Anyone know where i can find directions on how to snorkel a 2003 kodiak?


----------



## Polaris425 (Dec 16, 2004)

No clue. But if you bring it to T-Town I'll help ya out.. haha...


----------



## Polaris425 (Dec 16, 2004)

http://kod.gotdns.com/index.cgi?album=Kodiak_Album

I couldnt get that link to work but when i searched it says 04 Kodiak snorkels..... should help you out if the link works


----------



## jaxamillion04 (Feb 24, 2009)

The cvt exhaust is in the back under plastic near muffler. Have you ever seen a snorkel through back plastics?


----------



## Polaris425 (Dec 16, 2004)

actually, yeah. It looked stupid though.. & didnt look real functional either.


----------



## Yesterday (Jan 2, 2009)

jaxamillion04 said:


> The cvt exhaust is in the back under plastic near muffler. Have you ever seen a snorkel through back plastics?

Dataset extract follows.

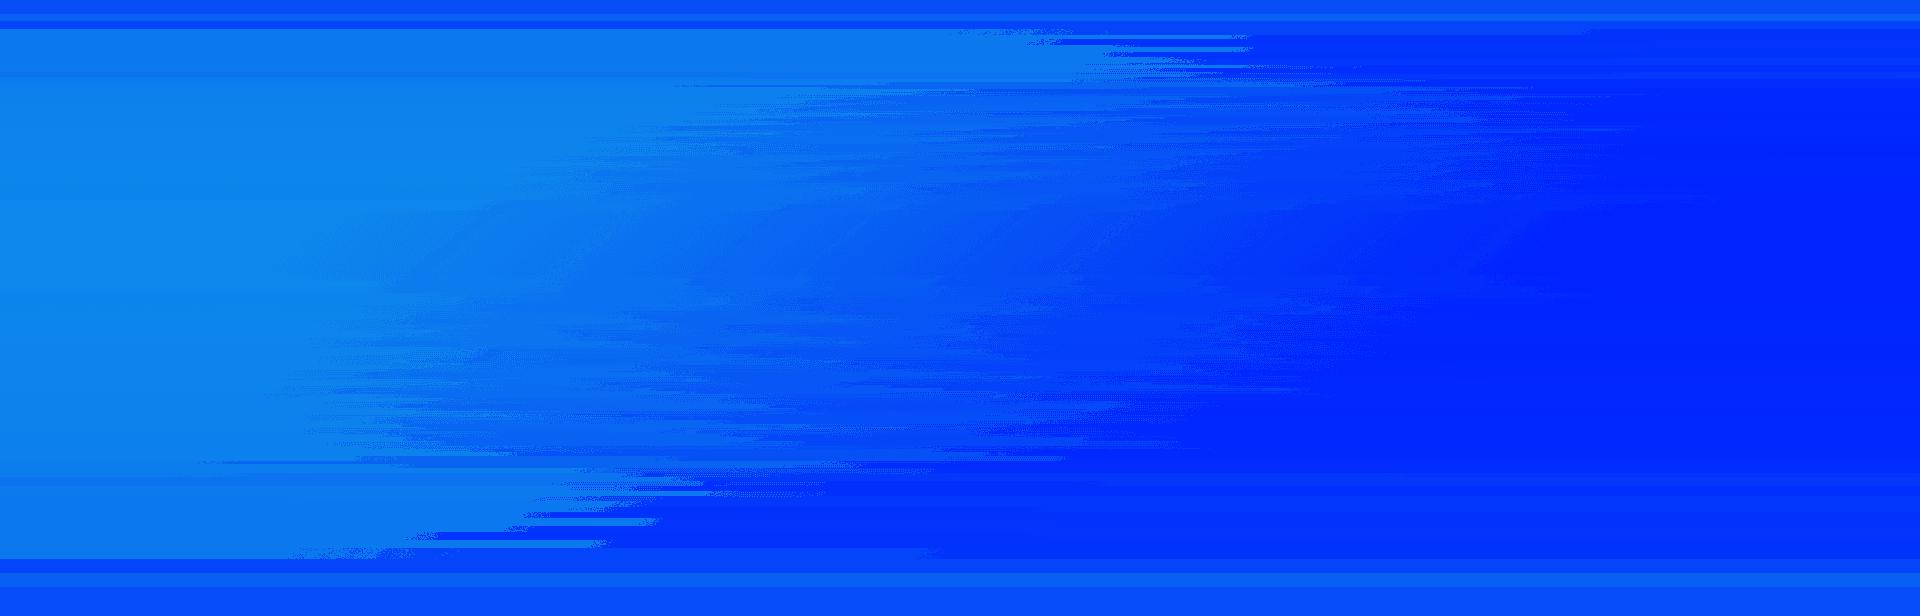 Steckerbelegung für Verbindung vom DP/RS232C-Link

 is that where it exits the cvt, or is that where the stock plumbing is?


----------



## jaxamillion04 (Feb 24, 2009)

The exit and the stock tube are both in the back.


----------



## Polaris425 (Dec 16, 2004)

Some flex hose is about all that will help there, and some fancy phishing... lol


----------



## mississippimud3 (Mar 25, 2009)

Snorkels on the kodiaks are difficult, trust me I have done it. Good luck. I found my writeup on Highlifter by a guy named STUMP KNOCKIN 450.


----------